Title: Trace-Guided Inductive Synthesis of Recursive Functional Programs

Abstract: We propose a novel trace-guided approach to tackle the challenges of ambiguity and generalization in synthesis of recursive functional programs from examples. Our approach augments the search space of programs with recursion traces consisting of sequences of recursive subcalls of programs. Our method is based on a new version space algebra (VSA) for succinct representation and efficient manipulation of pairs of recursion traces and programs that are consistent with each other.

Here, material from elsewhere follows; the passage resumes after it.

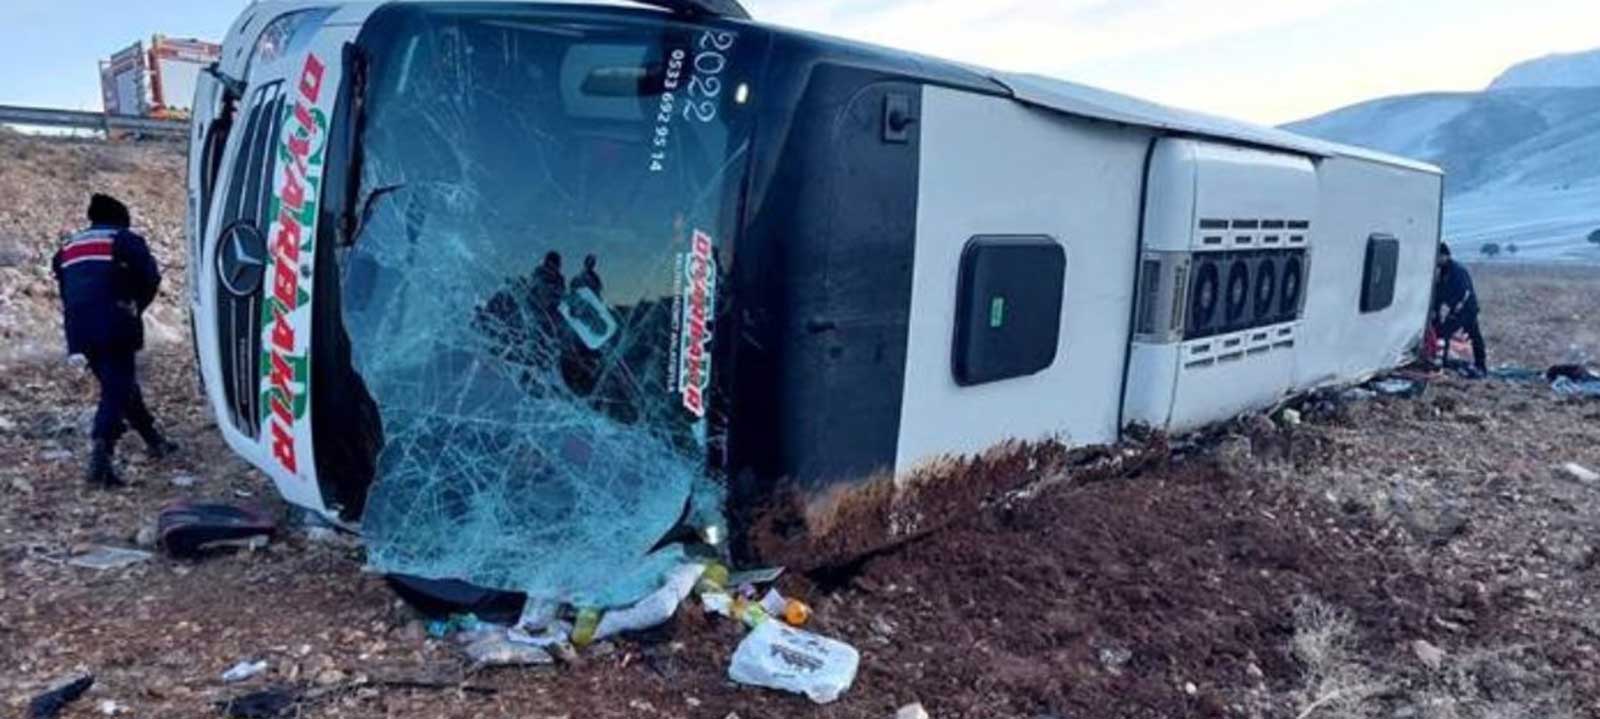 مصرع 8 أشخاص بحادث سير في تركيا

We have implemented this approach in a tool called SyRup and evaluate it on benchmarks from prior work. Our evaluation demonstrates that SyRup not only requires fewer examples to achieve a certain success rate than existing synthesizers, but is also less sensitive to the quality of the examples.

Naoki Kobayashi

Title: Higher-order model checking and its similarity (?) with SAT solving.

Abstract: In this talk, I first give a brief overview of how my past work on automated program verification used SAT/SMT solving. I then provide a briefl introduction to higher-order model checking (which is a “higher-order extension” of finite state model checking), and discuss the similarities and differences between higher-order model checking and SAT solving.